Prevalent among main-line Christians even as late as 1999 was the self image of being good servants of the Church. They identified as members of the institution and served it generously through talents, time, and money. Yet, ask them if they felt a personal relationship with God, were they spiritual, they generally answered no. Spirituality was something best left to the clergy.

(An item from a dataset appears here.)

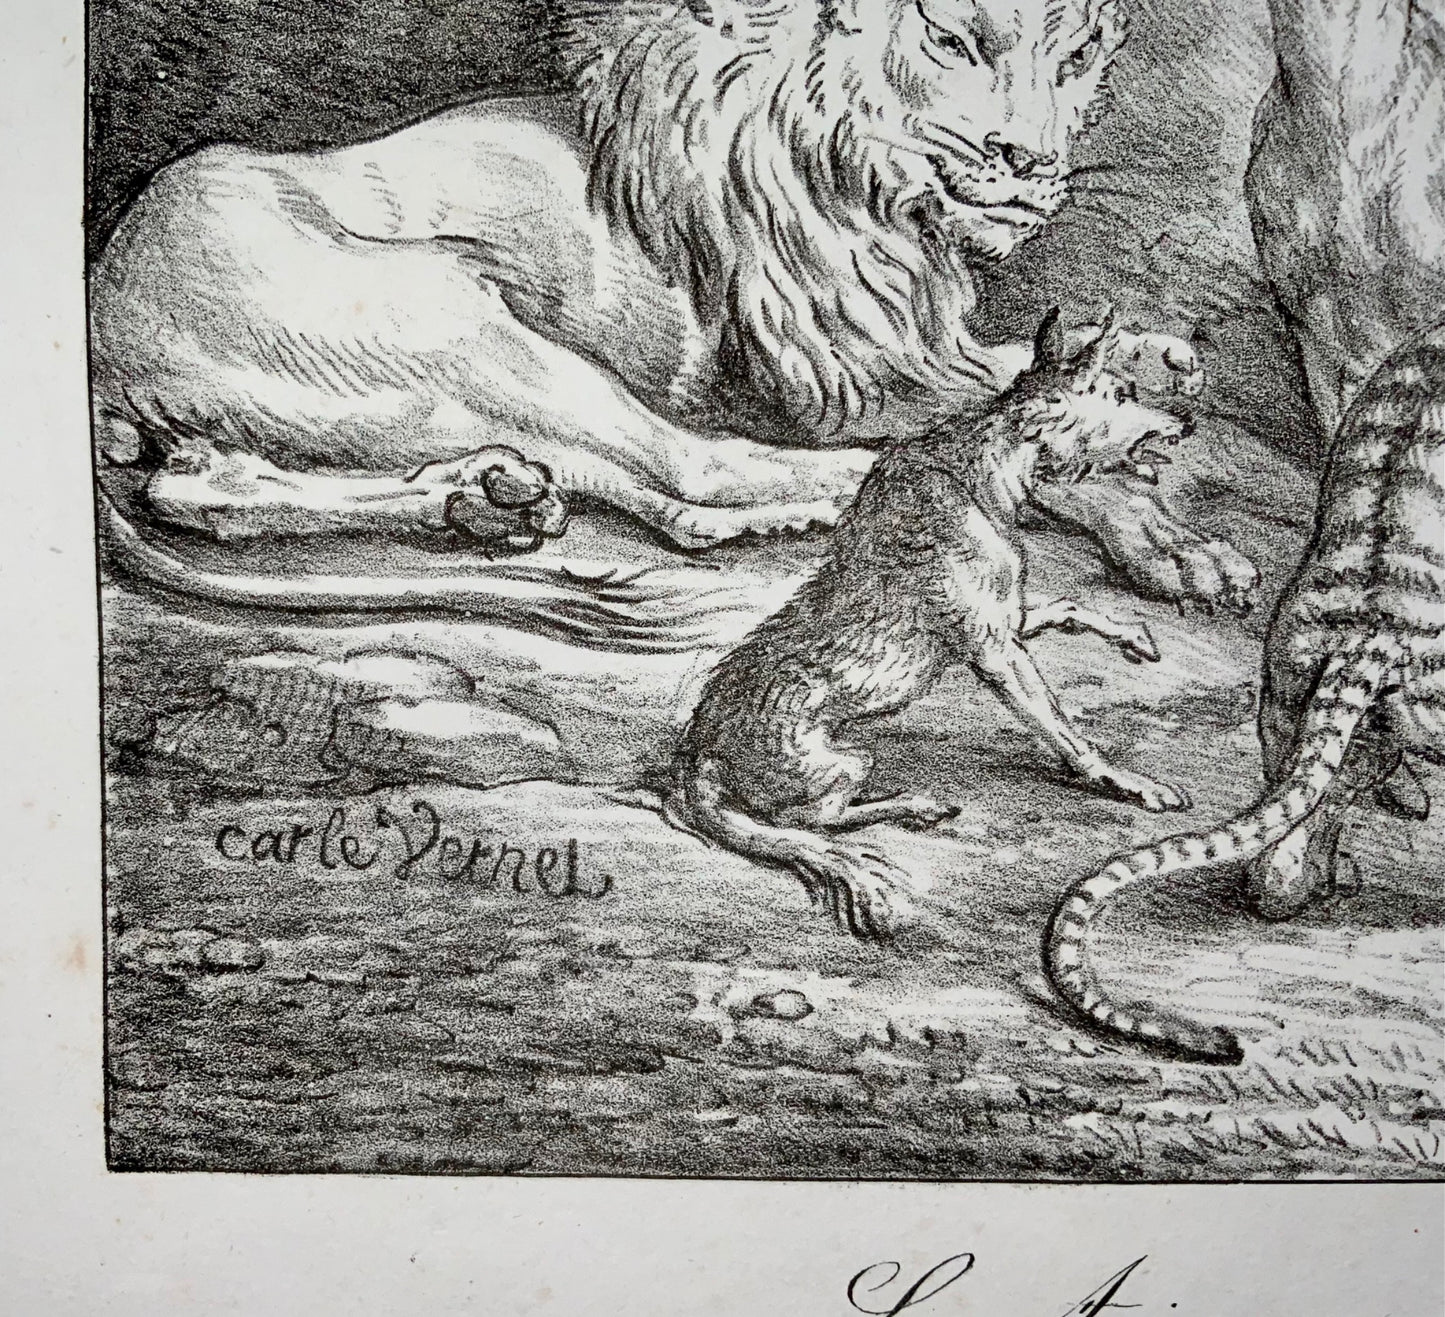 1818 'Incunables de lithographie' Carle Vernet, G. Engelmann, Bestiaire, Lion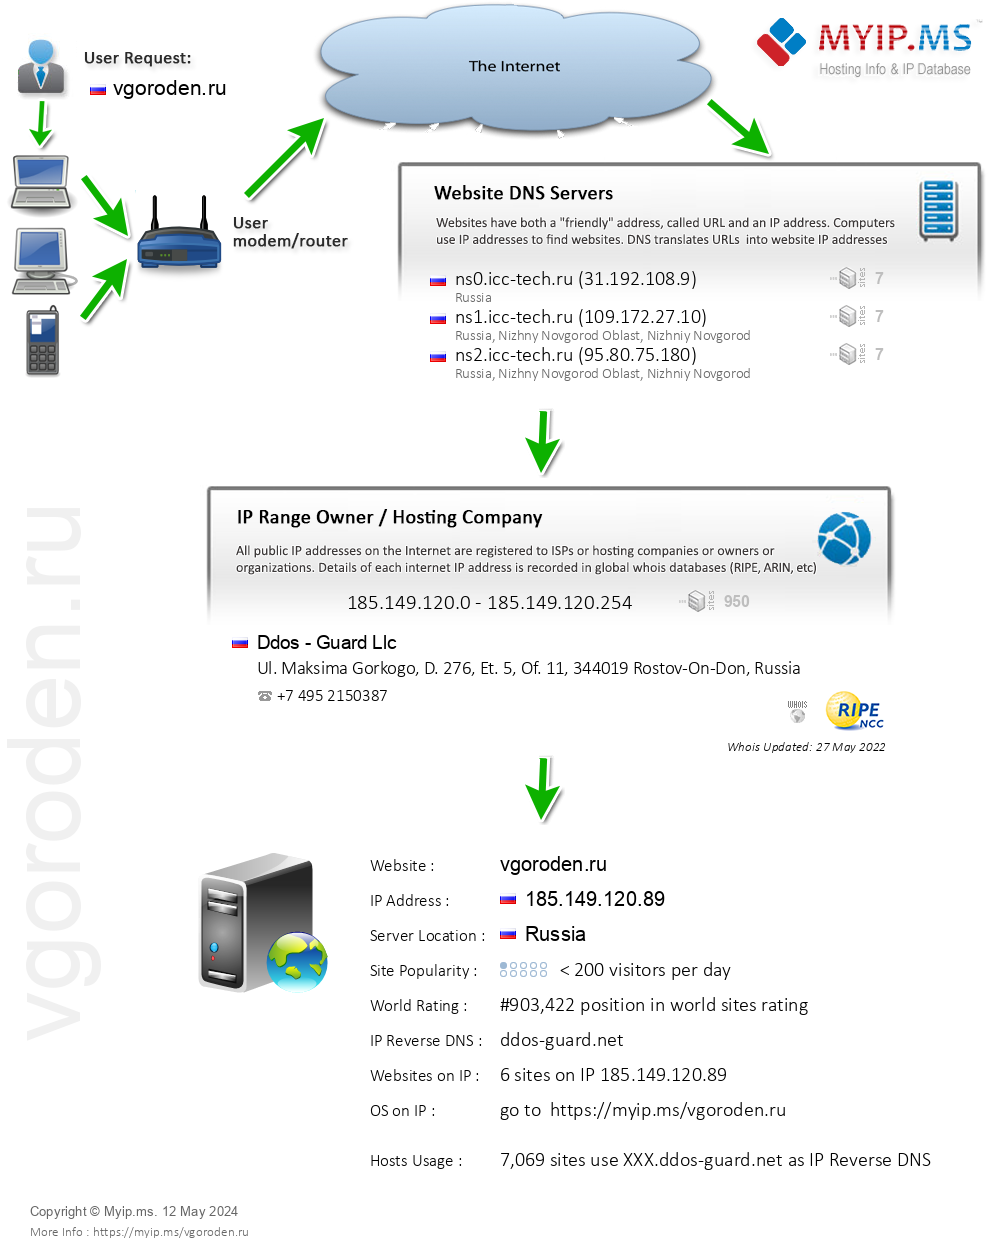 Vgoroden.ru - Website Hosting Visual IP Diagram

Looking around the community I serve at Trinity Cathedral I can clearly see the nature of this shift. While older members continue to serve the institution of the Church with dedication to tasks that need to be done, newer members are cautious about becoming what one X’er referred to as the $ sign in the pew. At Trinity we are currently experiencing a blossoming of growth. On this coming Sunday, the Sunday after the Ascension no less, the Bishop will confirm, or receive, or reaffirm some 62 people into communion with the catholic faith. A good number of these are young people. Yet, well over half are adults, some 40 or so having recently passed through our Episcopal 101 preparation.
Many of these relative newcomers are not like our traditional Episcopal Church people profile. They tend to be younger than the average age of Episcopalians. They are not our traditional good servant material. They are not religious and are wary of becoming religious. They are predominantly spiritual seekers. Some are new to Christianity. Some escaping other traditions that no longer serve them well. All are seeking an encounter with Historic Christianity. A Christianity characterized by a depth of liturgical expression, a faithfulness to the historic diversity of Catholic Christianity exemplified in the Anglican Tradition, and a generous Christianity seeking to bring the deep wells of Christian spirituality into informed dialogue with the confusions and uncertainties of life in 21st century America.
Other more convicted Christians call the Episcopal Church ‘that easy religion’. A more acurate description is that we are a Church that refuses to offer easy answers to complex questions. And so those who are seeking, yet, not wanting to be mollified with easy answers that either fail to justice to the integrity of their search or actually do violence to that search, continue to come.